30.

151 11 0
                                        


ECATE


Il sudore mi imperlò la fronte, con una rabbia cocente e sempre più crescente mi passai un braccio per scacciarlo dagli occhi, senza fermarmi a riposare continuai con la mia scalata. La roccia viva e frastagliata continuava a tagliarmi i palmi ad ogni passo, cercai di ignorare il dolore, odiavo quel luogo e odiavo ancora di più di non avere la possibilità di avere accesso ai miei poteri, ma dovevo salire fino alla cima, dove sapevo avrei trovato quello che stavo cercando.

Ce la dovevo fare, se avessi passato altri giorni nella mia casetta senza fare nulla, se non allenarmi con la spada e la magia, sarei impazzita.

Una settimana.

Solo un'altra settimana.

Tra una settimana avremmo avuto accesso per dodici ore al mondo umano; tra una settimana avremmo dovuto partecipare a quella ridicola cerimonia di presentazione dei lupi; tra una settimana avrei rivisto Thanatos.

Fissai la vetta con determinazione, mancava ancora parecchio, mi issai per un passo particolarmente difficile fino a raggiungere un punto in cui potei appoggiarmi con i piedi, senza il bisogno di sorreggermi completamente con le mani, presi diversi respiri, i polmoni mi bruciavano e le spalle erano talmente contratte da non sentirle più.

Quella montagna era una prova, solo chi fosse stato degno sarebbe riuscito ad arrivare fino alla cima, chi non lo fosse stato sarebbe salito per sempre senza riuscire ad arrivare mai.

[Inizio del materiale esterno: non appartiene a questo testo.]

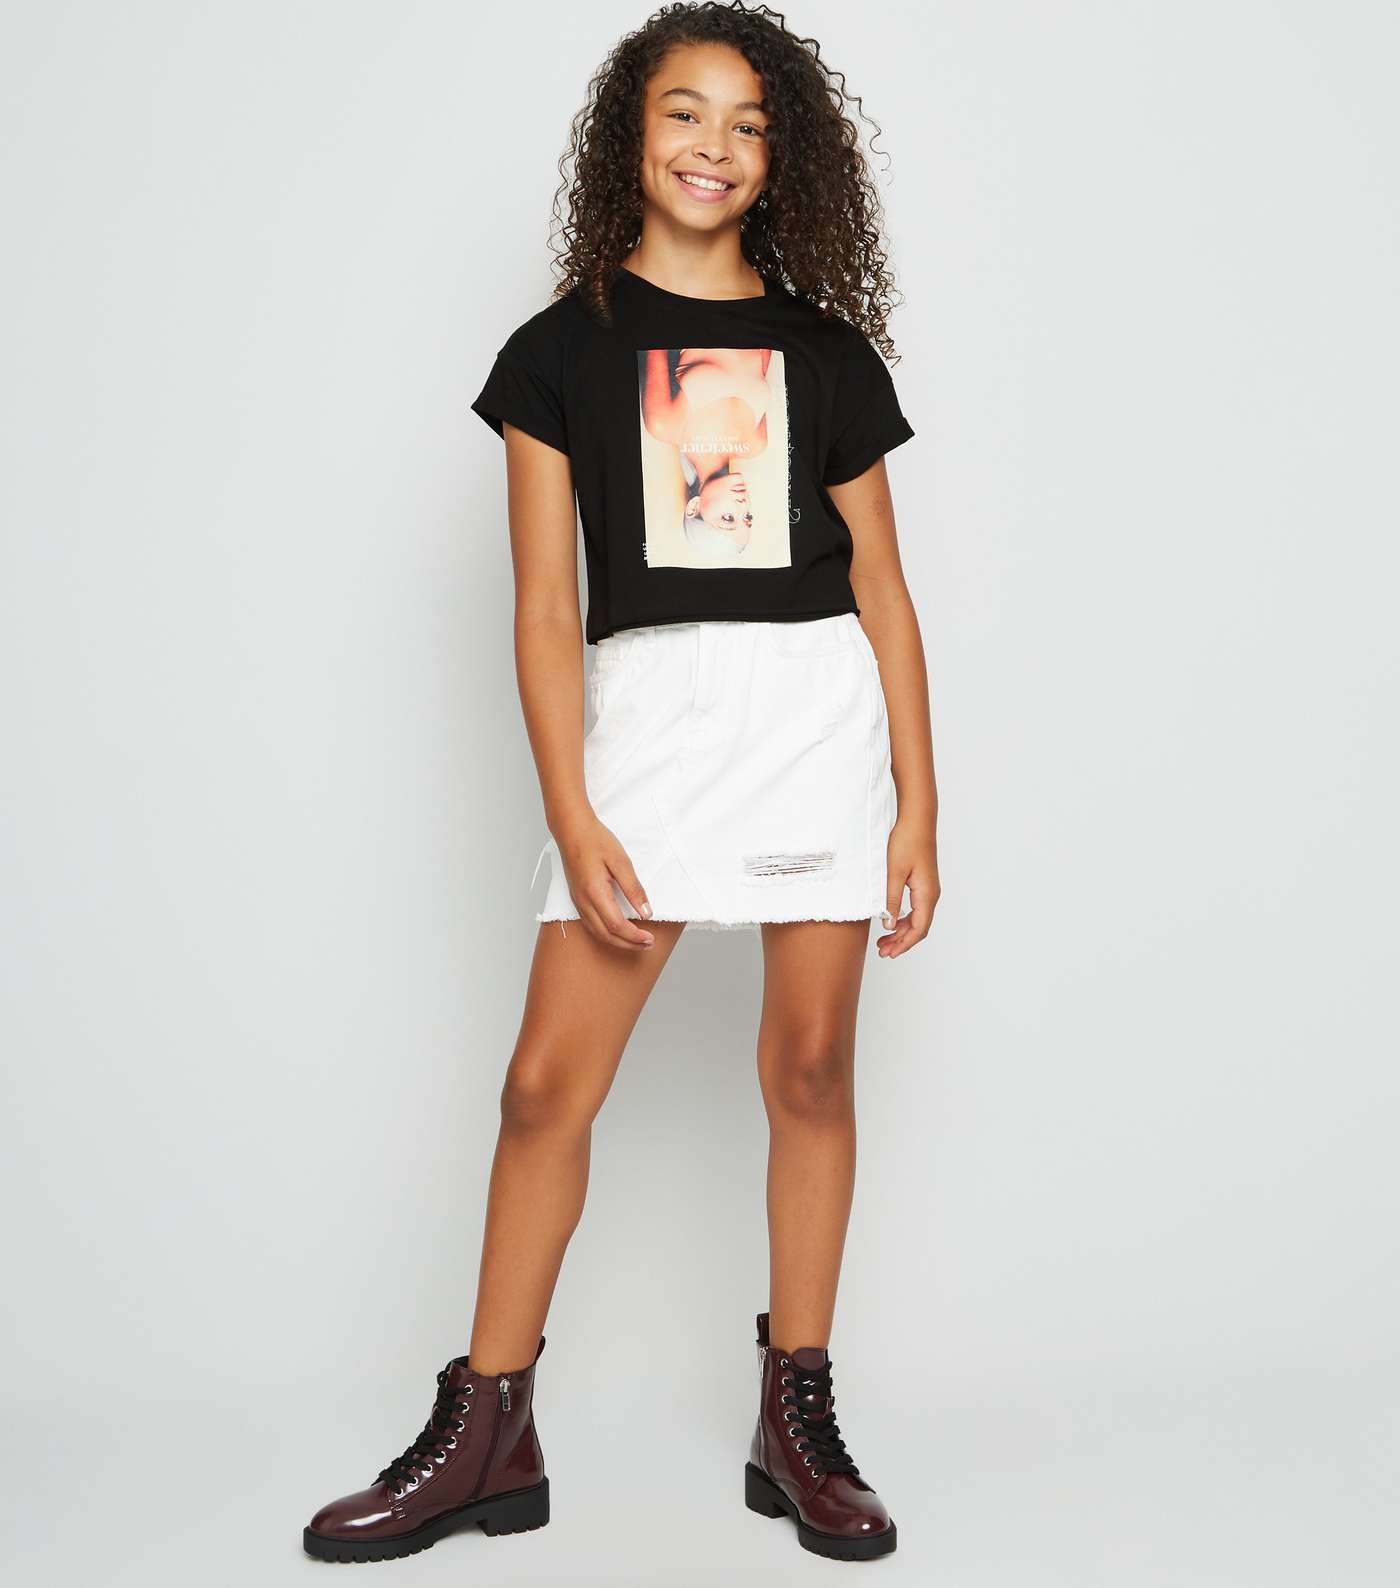 Girls Black Sweetener Ariana Grande Album T-Shirt Image 2

La roccia scura sembrava risucchiare tutta la vita e la poca luce presente, come se si cibasse di qualsiasi cosa viva e in particolare degli stolti decisi a sottoporsi a quell'impresa masochista.

Fino a quel momento non mi era mai venuto in mente di provarci. L'unico in grado di essere andato e tornato da quel luogo di morte e dolore era Ade, ma quando si era proposto, gli avevo ringhiato contro, avrei dovuto essere io a cercare le risposte, lui mi aveva sorriso sadicamente permettendomelo e adesso ne capivo il perché.

Mi ero trovata uno scopo e nessuno me l'avrebbe tolto.

Guardai nuovamente la vetta, in qualche modo sembrava più lontana, con i muscoli tremanti mi issai lungo il versante scosceso per continuare nella mia arrampicata.

Un solo passo falso e sarei caduta, il problema era sapere se sarei sopravvissuta, la montagna sarebbe stata implacabile anche nel suo giudizio sulla mia morte.

Non mi importava, nulla lo aveva da quando quella stronza maledetta si era portata via un pezzo della mia anima.

Mi ero illusa.

Mi ero illusa di poter avere davvero una qualche decisione da prendere, su di me, sul mio futuro, perché non vi era nessuna scelta per me. Dioniso si era sbagliato, almeno su quello, non ci sarebbe mai stata serenità in me senza di lui.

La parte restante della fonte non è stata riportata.